Malaria continues to pose a major threat to public health worldwide as 91 countries reported a total of 228 million cases in 2018 with 405,000 deaths [1]. The latest World Malaria Report reported that sub-Saharan Africa (SSA) accounts for 93% of all malaria cases and 94% malaria deaths [1]. Although malaria affects persons of all ages and gender, it is phenomenal among pregnant women and children under 5 years [2]. Pregnant women are prone to malaria largely because of declined immunity and conducive milieus for malaria parasites created by the placenta [3]. Children under the age of five years are also prone to severe forms of malaria as they have lost maternal immunity and yet to develop specific immunity towards infections [4].

Malaria during pregnancy constitutes a substantial risk for the mother, her fetus and newborn [5]. Compared to non-pregnant women, pregnant women have a three-fold increased risk of malaria opportunistic diseases [6]. It is also estimated that the malaria related mortality rate among pregnant women is about 50% higher [6]. Malaria increases risks of intra-uterine growth retardation, low birth weight and neonatal deaths [7, 8].

In 2018, Nigeria accounted for the highest prevalence of malaria worldwide by recording 25% of all malaria cases, and 24% of all malaria deaths worldwide [1]. This represents a 6% (3.2 million) increase in the absolute number of cases from 2017. Malaria remains endemic in Nigeria with pregnant women and children under five years of age bearing the highest risk [9]. Pregnant women and mothers of children under five years sometimes lack comprehensive knowledge about malaria [10] but may be aware of the malaria disease [11].

Given the menace of malaria, the Federal Government of Nigeria has since 2001 implemented four National Strategic Malaria Strategic Plans (NSMSP) (2001–2005; 2006–2010; 2009–2013 and 2014–2020).
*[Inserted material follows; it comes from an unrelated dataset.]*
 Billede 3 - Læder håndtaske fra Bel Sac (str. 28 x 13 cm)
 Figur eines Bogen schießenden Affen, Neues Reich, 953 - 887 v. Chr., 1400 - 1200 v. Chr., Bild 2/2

In the year 2000, the Roll Back Malaria (RBM) Partnership was initiated in Abuja, Nigeria where it was recommended that pregnant women sleep under insecticide-treated nets (ITN) [12]. The aim of the current NSMSP, under the National Malaria Elimination Programme (NMEP), is to reduce the incidence rate of malaria to less than 5000 per 100,000 persons and reduce deaths attributable to malaria to zero by 2020. The first of seven objectives of this goal is to provide at least 80% of the targeted population with appropriate preventive measures by 2020, including a universal access to ITNs [13]. ITN ownership in Nigeria has since increased from 8% in 2008 to 61% in 2018 [14, 15]. There are two points to note here; firstly, ITN ownership in Nigeria is likely to vary by region, place of residence or other maternal demographic characteristics [16, 17]. Secondly, ITN ownership does not necessarily imply utilization, which is more related to malaria prevention. In a peri-urban city in Nigeria, Tobin-West and Kanu [18] observed that while 49% of surveyed women owned ITN, only 18% used it consistently.

Moreover, a number of ITN campaigns have been initiated in the country. These initiatives have targeted rural and urban locations and across the various states. For instance, the NMEP adopted a mixed-model approach for ITN distribution and this included free mass distribution campaigns and continuous distribution of ITNs [19]. The dominant channels for distribution included community-based distribution and integrated maternal, newborn and child health weeks as well as antenatal clinics. Through this, 77% households within the catchment locations received ITNs [19]. Community-based distribution was piloted around 2013 but was not scaled up. State specific mass campaigns include the mass ITN replacement campaign in Zamfara State, northwest Nigeria [20], central Nigeria based integrated insecticide-treated bed net distribution programme [21] and the universal insecticide-treated net campaigns in northern Nigeria [22]. In the case of Zamfara State, mass ITN replacement exercise took place and over two million nets were distributed in all. The National Malaria Control Programme (NMCP) Strategic Plan 2009–2013 targeted children and aimed at ensuring that at least 80% of children under five and pregnant women consistently use ITN. Other similar interventions focused on both rural and urban locations in twenty-one states using mass media campaigns through national radio and television stations [23].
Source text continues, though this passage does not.